_Required action:_ Nothing but the lines from the one with "MC3300_ZEBRA" through the end of the listing should be reproduced, each exactly and with pictures omitted.

_Collected data:_

%%

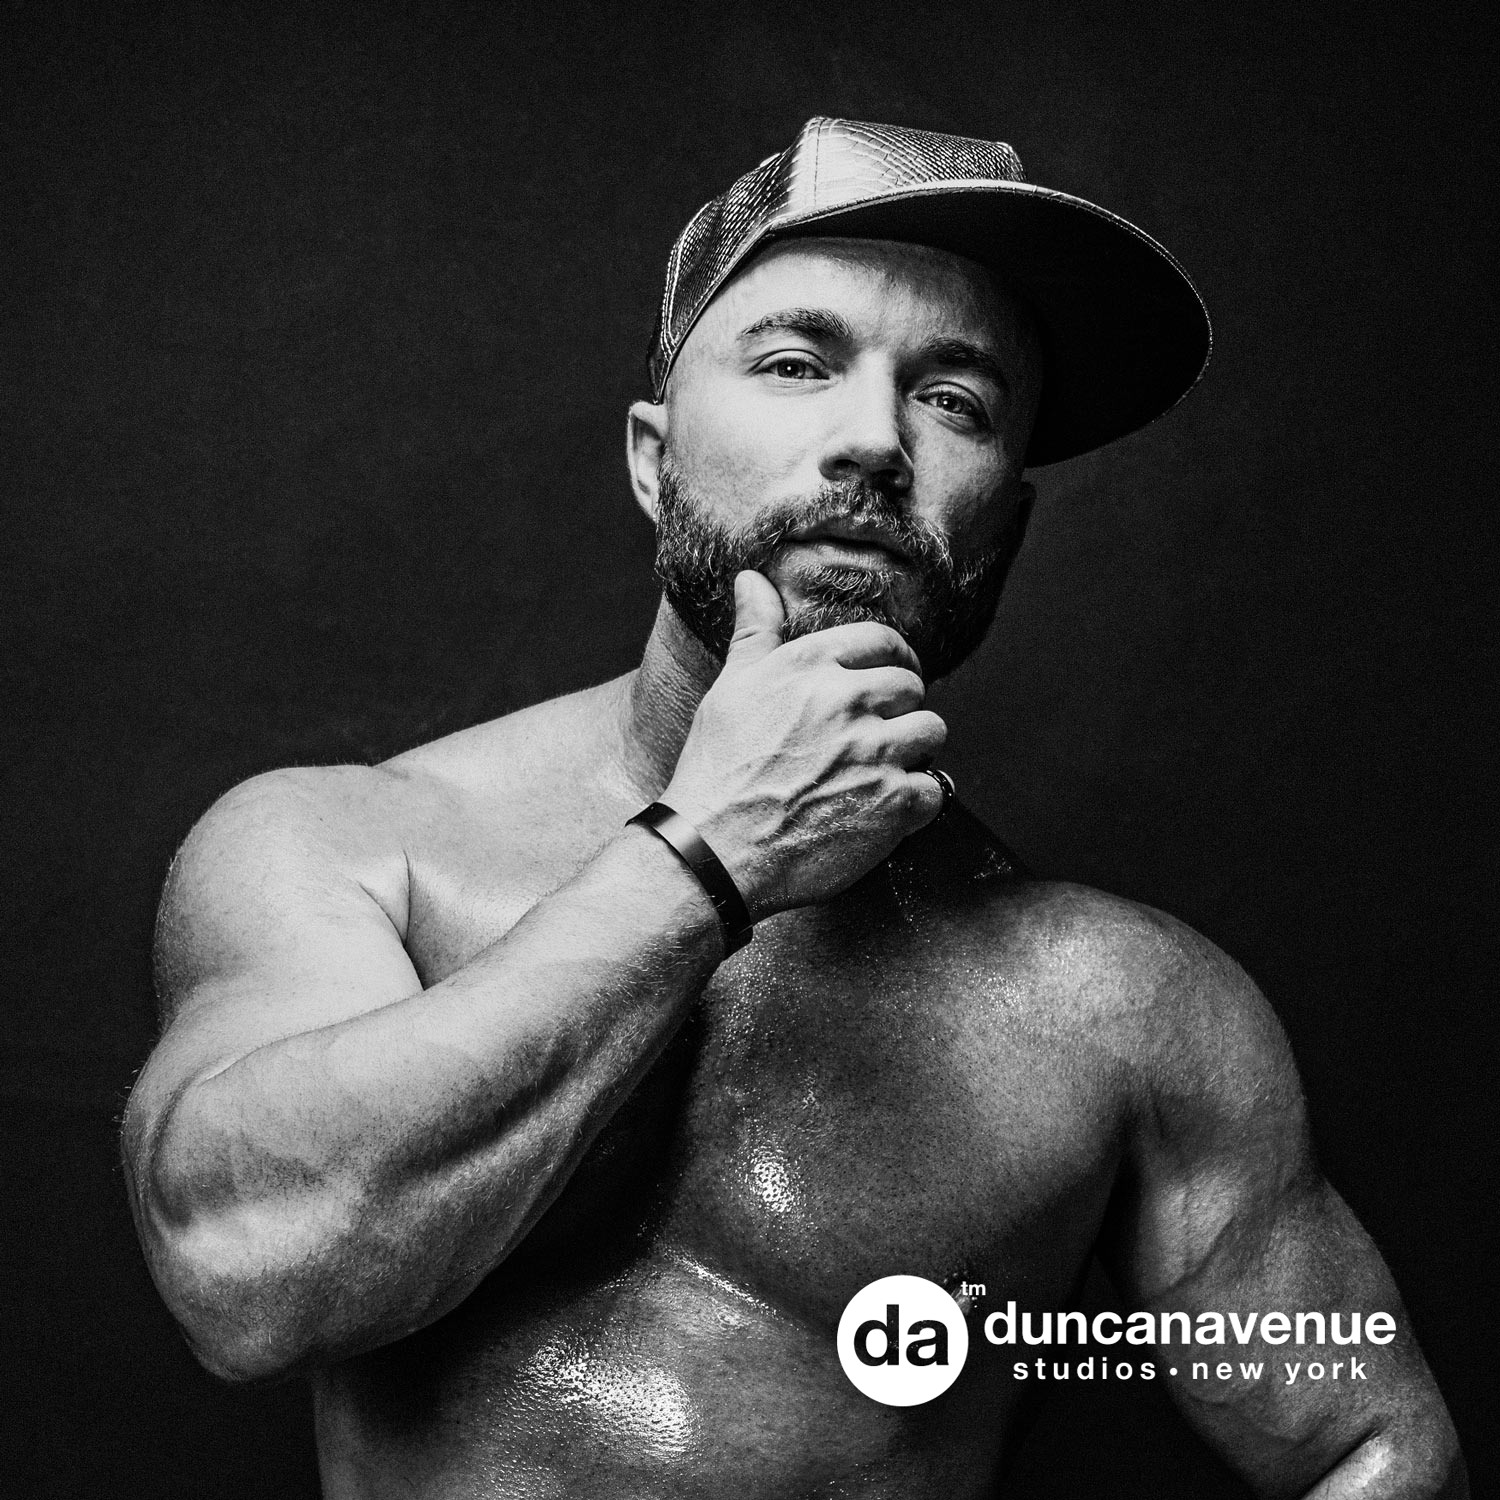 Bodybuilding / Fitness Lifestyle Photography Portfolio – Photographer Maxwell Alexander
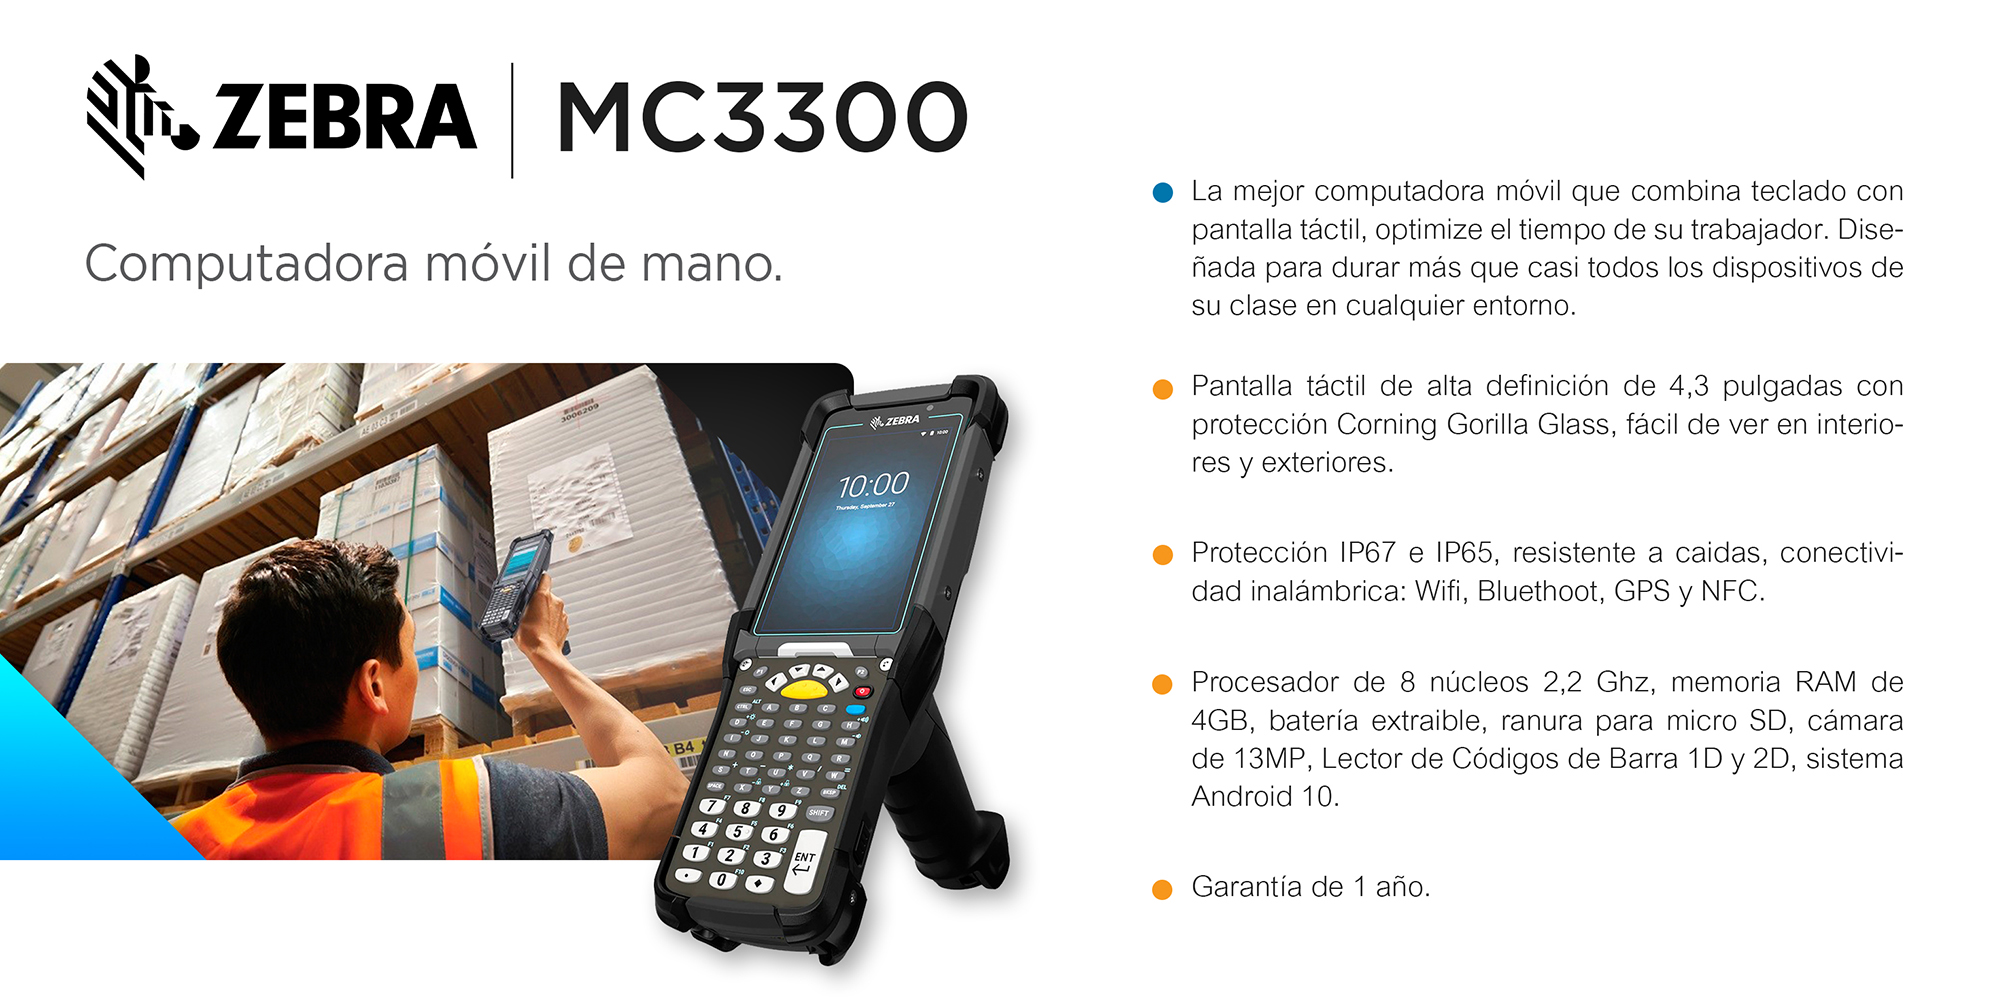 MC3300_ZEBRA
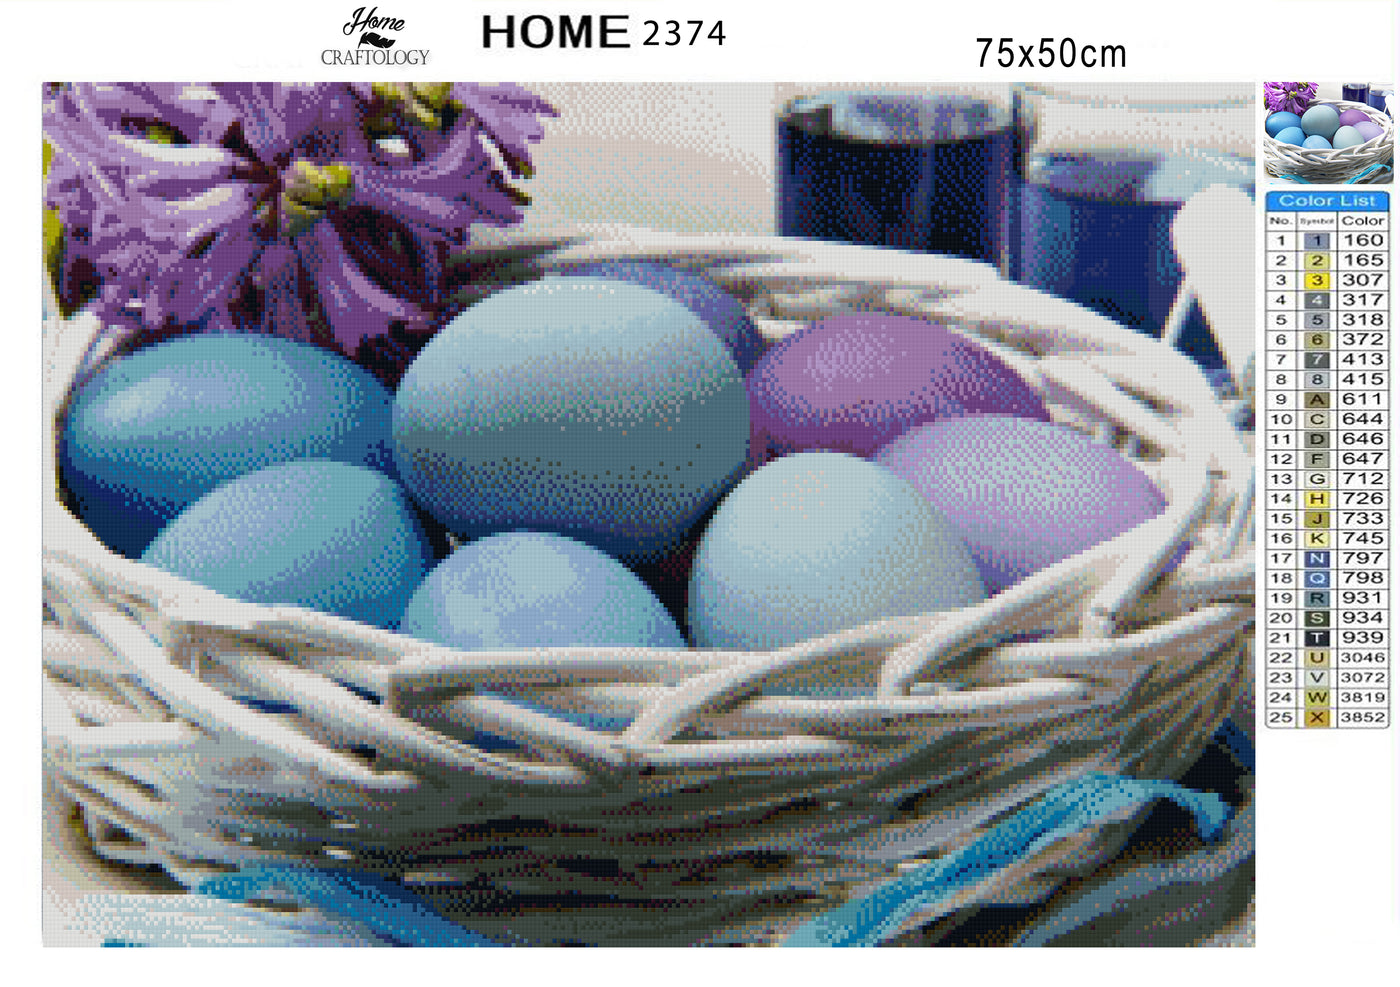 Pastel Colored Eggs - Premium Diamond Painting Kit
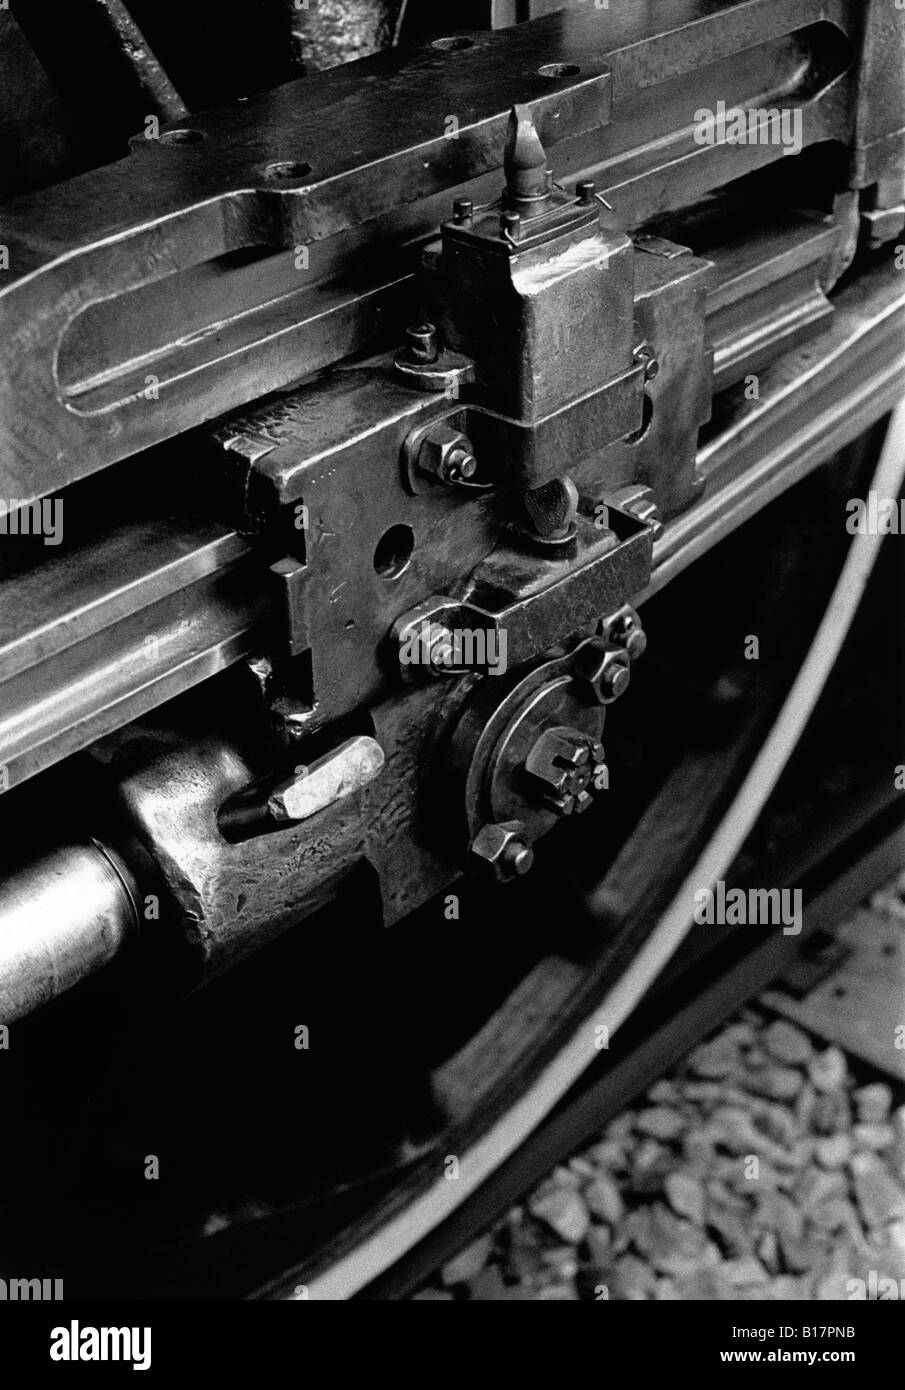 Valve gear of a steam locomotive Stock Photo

%%

_Response to the exercise:_
 MC3300_ZEBRA
 Pastel Colored Eggs - Premium Diamond Painting Kit
 Valve gear of a steam locomotive Stock Photo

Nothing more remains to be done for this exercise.